Tuesday, January 20, 2015

On Mortality And Such

Recent events have had me thinking more and more about mortality - mine and members of my family.  Though I would not be considered old (46) by many, I'm wise enough to realize that time is a precious commodity and we're not guaranteed another moment on this Earth.

So what does this have to do with genealogy and family history?  Well, quite a bit, actually.  All of us are mortal.  Genealogists deal constantly with facts such as births and deaths, and this blog is my attempt to beat the clock by sharing my research not only with the living, but the future unborn members of my family who might be interested.  So far this blog has been long on dates and facts and short on personal insight, but hopefully in 2015 that can change.  A New Year's Resolution?  Perhaps, but we shall see.

One thing I've noted throughout the time I've been collecting information on my family history is that some of my ancestors and relatives died what would be considered a pretty early death.  For every one that made it into their eighties and beyond, there were two or three who died in their fifties and sixties, some even earlier.  Approaching the age where one of your immediate relatives passed makes you start thinking about your own mortality and legacy and what you are leaving behind.  It also makes you start looking at your lifestyle choices and health.

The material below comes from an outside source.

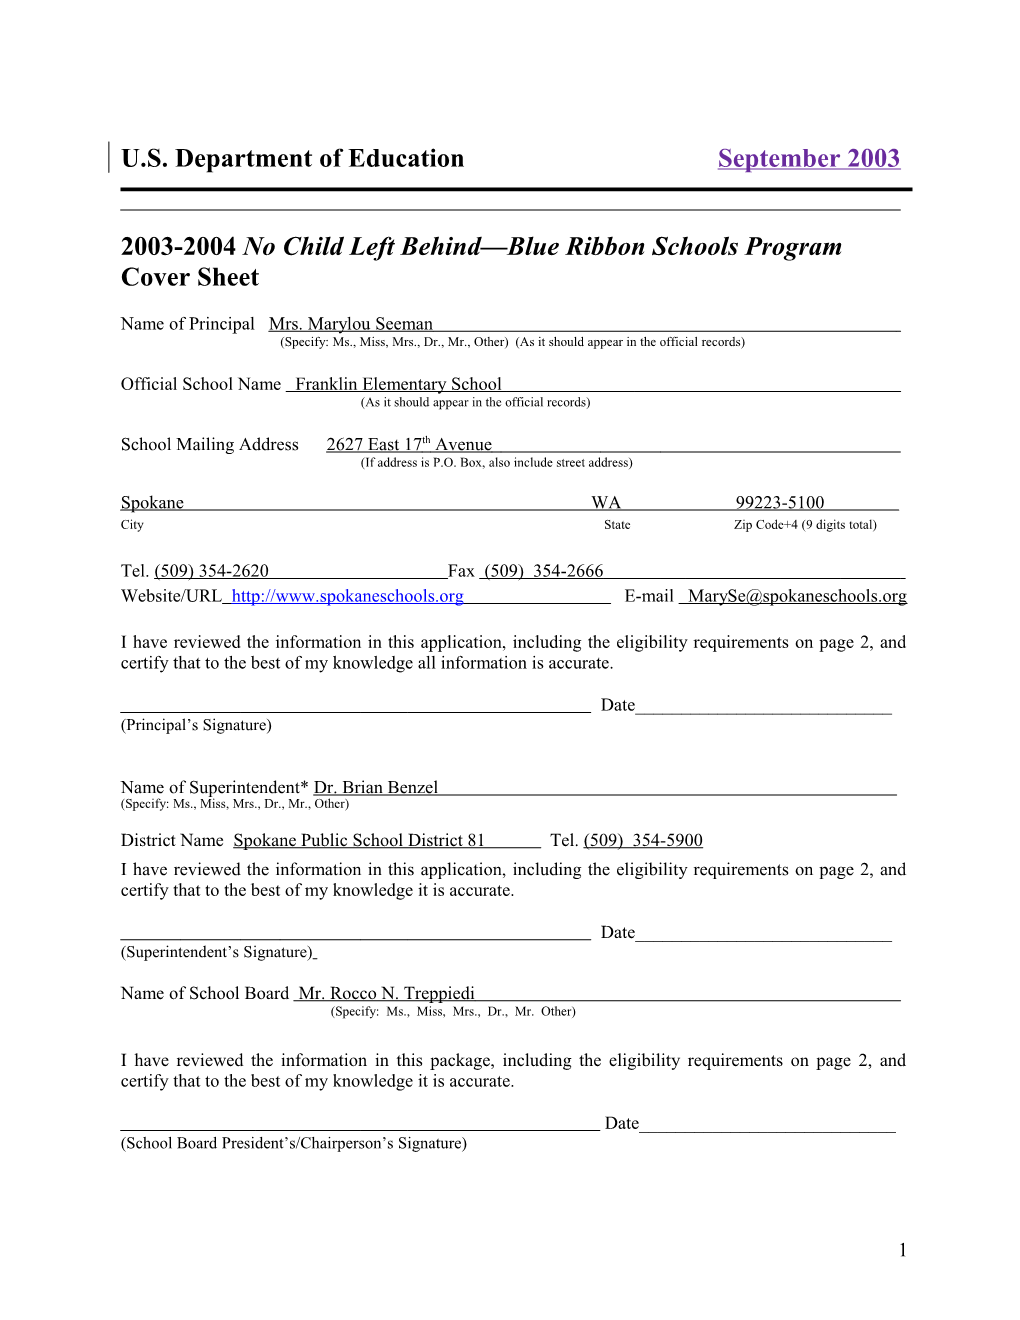 Franklin Elementary School 2004 No Child Left Behind-Blue Ribbon School Application (Msword)

Yesterday, I had an echo cardiogram.  I feel too young to have a cardiologist, but two years ago my GP detected a slight murmur and I had a baseline echo to check it out.  Insurance would only pay for an echo every two years since I'm not symptomatic, so yesterday's procedure will be the first look after my baseline echo from two years ago to see if the condition has become any worse.  I'm not too worried about it, but from a family history standpoint, I can see cause for concern.  My maternal grandfather had a history of heart murmurs that kept him from becoming a pilot during WWII, and he died at the age of 53 of a heart attack.  Not too much older than I am right now.  Granted, he was a smoker, and I'm not, but I'm not going to ignore the genetic potential to have a predisposition to heart problems.  In this same family line there has been a history of early death (some as young as 45) due to heart issues.  Fortunately, a call today from the doctor let me know that everything appears to be about the same and their is no cause for alarm.

On Sunday, while returning from a shopping trip, the vehicle we were in had a blow-out.  Fortunately, my son-in-law, Jordan, was able to keep us from having an accident and managed to pull off to the side of the Interstate.  I kept watch for oncoming traffic while he worked on changing the tire.  Believe me, you get a different perspective on folks who have car trouble when it happens to you and you're standing there watching as cars whiz by.  So many of them didn't even pay attention that we had hazard lights flashing, etc.  The adrenaline was pumping that day!  The only consolation had either of us been struck would have been that death would have been quick.   I've come across a few of those tragic accidents in my family history to know that when they do occur, they devastate the families and leave gaping holes.  While I know that no matter when I go I will leave things undone on this Earth, there are too many family history projects I want to complete and stories I want to pass down.

Yesterday was also the day I paid a visit to the funeral home to pay respect to my high school friend's mother.  We're at that age where our parents are beginning to pass, or at least slow down.  Standing in line, I was talking with the parents of another high school friend, sharing memories of days gone by.  The whole time talking to them I was thinking, I wonder whose funeral I will be at next?  My parents?  A classmates?  What if it was mine?

There are people in my extended family that I need to interview to get the "official story" from their perspective before they pass.  There are facts about my own life that I haven't written down and I hope to do this year.  There are so many files that I need to scan and blog about that I haven't done in the eight years I've worked on this blog.  Sometimes I find it hard to write, but I need to make a commitment to get it down on paper.  If not for me, for those who will come after.

1 comment:

Nancy said...

I often have similar thoughts -- so much to do before the unknown finishing date. Most of my ancestors have lived into their 70s and 80s but a few have passed away earlier. I'm nearly two decades older than you and finishing everything I've started crosses my mind more and more often these days. I think all of us will run out of time before we finish everything we want to do. I hope you make good progress.

It's good news that your heart is doing fine and that you and your son-in-law survived the blow-out.